In summary, each state has the exclusive right of jurisdiction to prosecute
  • offences, including offences relating to its security, punishable by its law, but not by the law of the other State
Where the right to exercise jurisdiction is concurrent the military authorities of the sending State shall have the primary right to exercise jurisdiction for
  • offences solely against the property or security of that State, or offences solely against the person or property of another member of the force or civilian component of that State or of a dependent
  • offences arising out of any act or omission done in the performance of official duty.
In the case of any other offence the authorities of the receiving State shall have the primary right to exercise jurisdiction.

Within NATO, the exercise of jurisdiction by the sending state is therefore limited to the circumstances provided for in article VII, which I have broadly summarised above.

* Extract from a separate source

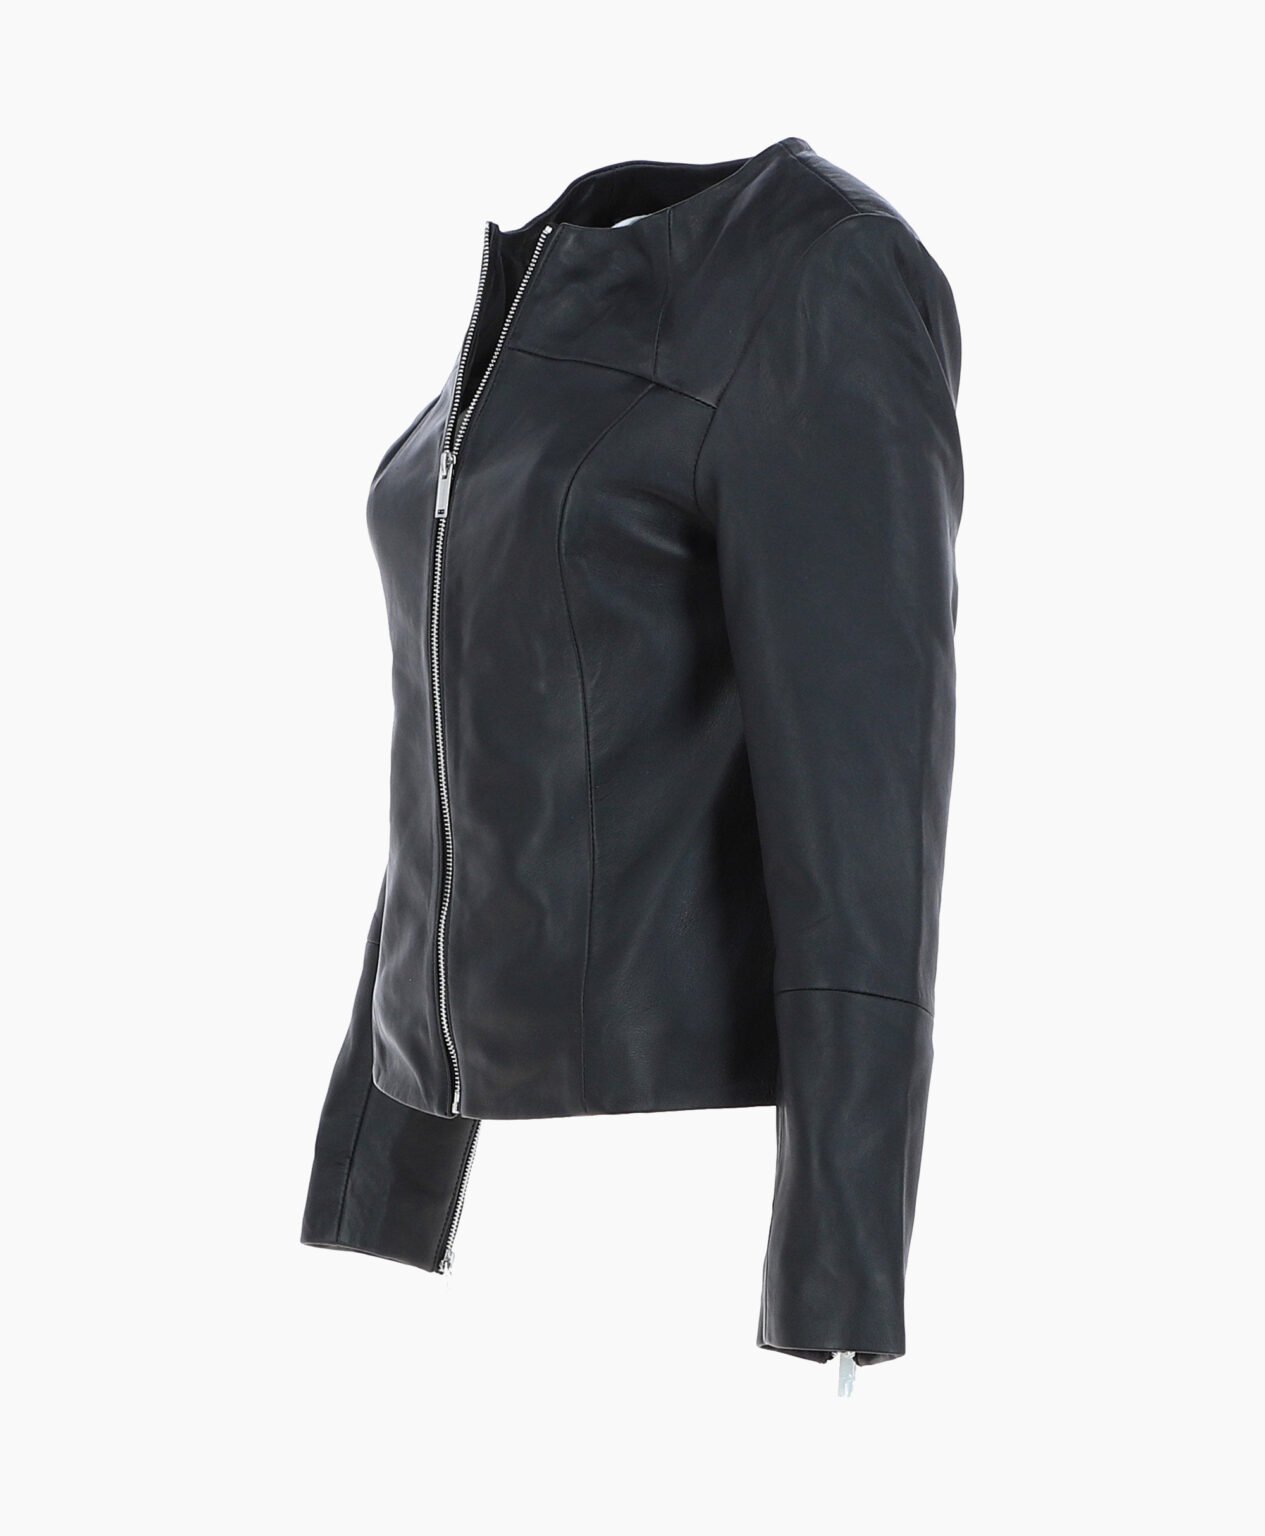 vogue-jacket-leather-fashion-jacket-black-elizabeth-image201

There may be arguments over what "offences arising out of any act or omission done in the performance of official duty" means, but this is generally understood to mean while in uniform and engaged on official duties (including travelling to and from those duties, although this is not always agreed). The soldier who steps outside those boundaries is the one who might find himself at the mercy of a receiving state court.

Outside of NATO, SOFAs make express provision for jurisdiction. The reasons for trying to retain jurisdiction over a nation's own soldiers make good common sense: soldiers are dealt with by their domestic enacted laws governing investigation, pre-trial rights and trial procedures, with any court proceedings conducted in their own language, being able to engage and easily instruct their counsel and, if found guilty, to serve their sentence in a prison in their home country, with all appeal rights open to them. There is protection under the rule of law. Subjecting soldiers to the possibility of trial for alleged offences before courts with different systems of justice, poor records of adherence to human rights etc is not conducive to recruitment or maintaining morale. It is also likely to cause problems back home when commanders and politicians have to account to an irate public that perceives their soldiers have not been given the protections they would otherwise have had.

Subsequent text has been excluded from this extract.